The bad news is the complicating factors have not and will never go away.
I have nothing at all against people exploring and adding these funds, but it’s really something individuals need to bone up on and understand the pros and cons for themselves, as you’re doing. And I remain unconvinced that for most casual non-interested everyday investors, deviating that far from a standard equity/bond split will serve them well *over the long-term*, provided they can pay the necessary price of accepting volatility and not selling after unusual sequences such as 21/22 for government bonds (and better yet rebalancing).
Others think we should be stridently arguing for an opposite approach. I respect the alternative approaches (I myself have nothing like a simple 60/40 portfolio and never have, but I’m an active investor) but when it comes to the website and how we should best help normal people position themselves for a lifetime of successful investing, where investing is low down on the priority list, there are multiple downsides with straying far from the industry-standard advice.

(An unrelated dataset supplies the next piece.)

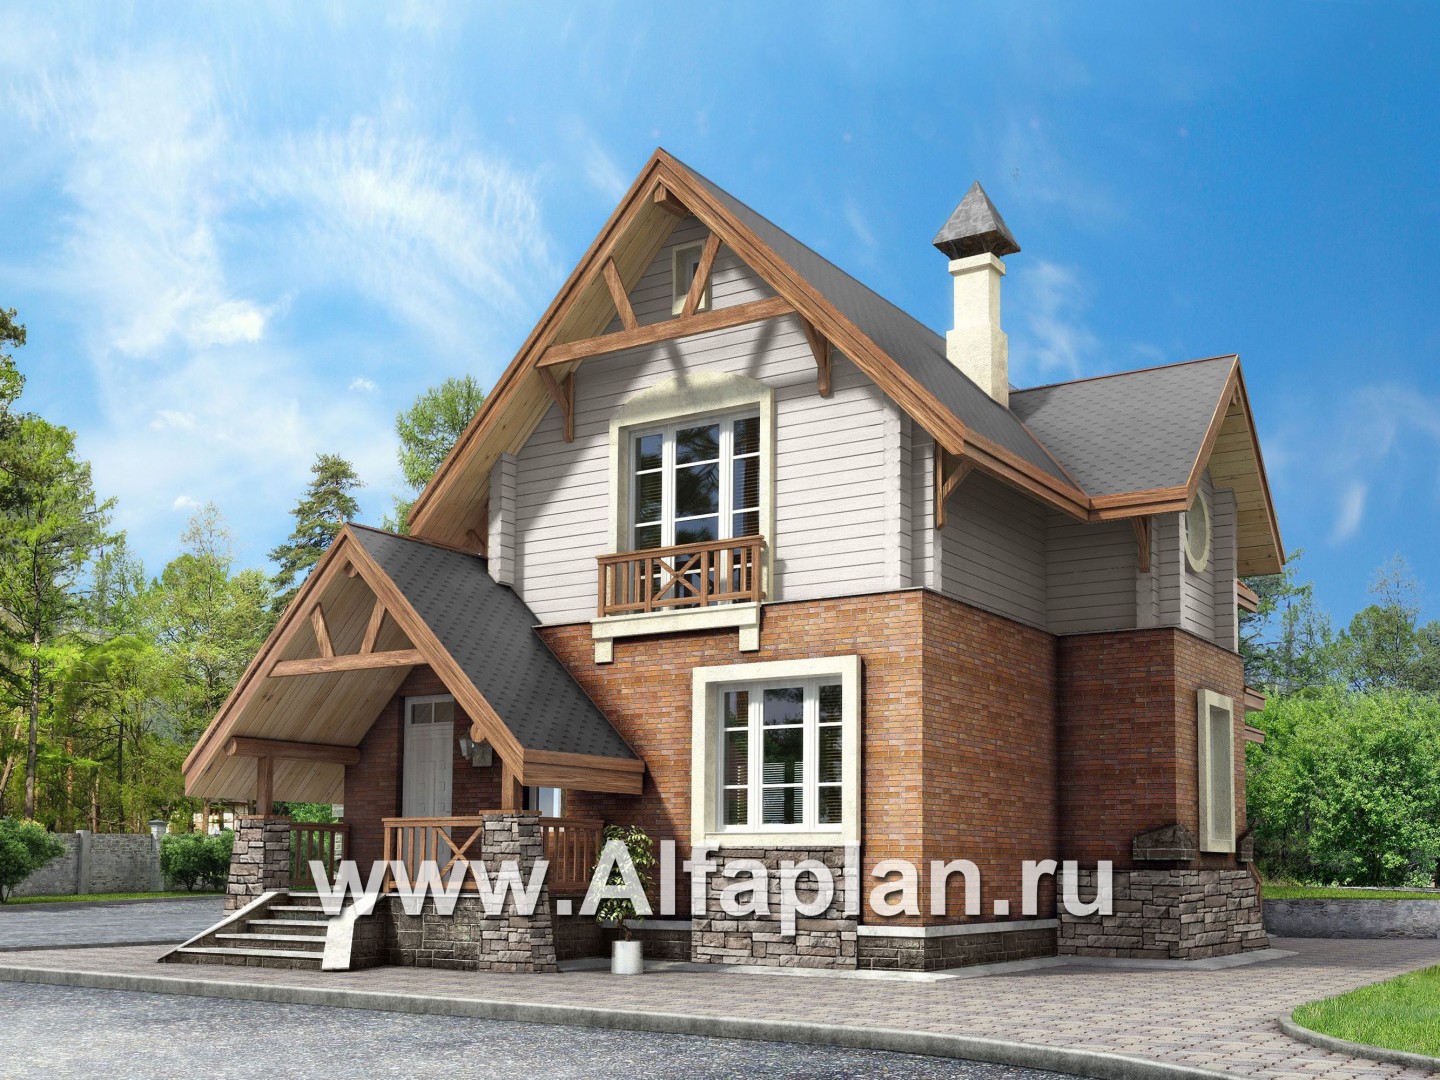 «Альпенхаус»- проект дома с мансардой, высокий потолок в гостиной, в стиле  шале, 1 эт из кирпича, 2 эт из бруса - дизайн дома №1

@ TI – thank you for the offer, but I’m short on both time and bandwidth for writing articles at the moment alas. Also far from convinced I’m more of an expert than yourself and @ TA on Linkers, it wasn’t what I traded ‘back in the day’ so I’ve been scouring the web (including Monevator!) for pointers myself. Happy to share knowledge and read/edit/suggest potential improvements to what you’ve written if that would be useful?
As you say they’re not as attractive as the crazy Kwasi days, but RPI flattish & basically tax free on a ladder with an average term of 5 years or so still isn’t to be sniffed at. If we could get anything like that on granny bonds many of us would be filling our boots?
@Vroom — Fair enough. Thanks for the offer, perhaps we’ll run an article to sanity check by you as there’s such a divergence between what’s possible on the platforms etc.
@The Investor. This is quite a good read on why the permacrisis might be different this time:
https://www.linkedin.com/posts/adam-lent-5b461a196_permacrisis-climate-environment-activity-6997838793730859008-T0Mg/
I think it’s a bit better argued that the one earlier in the thread (even if their heart was in the right place).
@G — Morning! No argument that the climate crisis / environmental threat is real. I cite it in my reply up the thread, and said it was the biggest long-term threat well over a decade ago now:
https://monevator.com/environmental-degradation-and-wealth/
What IMHO it is not going to do though is stop the S&P 500 going up 50% or whatnot over the next five years. It’s a long-term existential threat, and to the extent that one can do anything about it as an individual from a financial perspective, following catastrophic prophets in the midsts of bear markets has never historically been the winning strategy.
I skimmed the article and I think he’s too gloomy about alternative energy FWIW. The downsides of tidal, solar, wind and nuclear to me lie in the ecosphere impacts (whole life) not in their inability to massively supplant burning fossil fuels (some of which will continue indefinitely for sure). Cheers!
@The Investor
Re your reply to Fage (36)
Is some sort of segregated area of Monevator for more active investing discussion something you would consider? An ‘erratic and unstable portfolio’ to compliment the Slow and Steady perhaps. I jest but for those of a more active predilection it would be really interesting to hear what you and others are doing from time to time if such discussion could be labelled with sufficient health warnings so as not to undermine the broader message.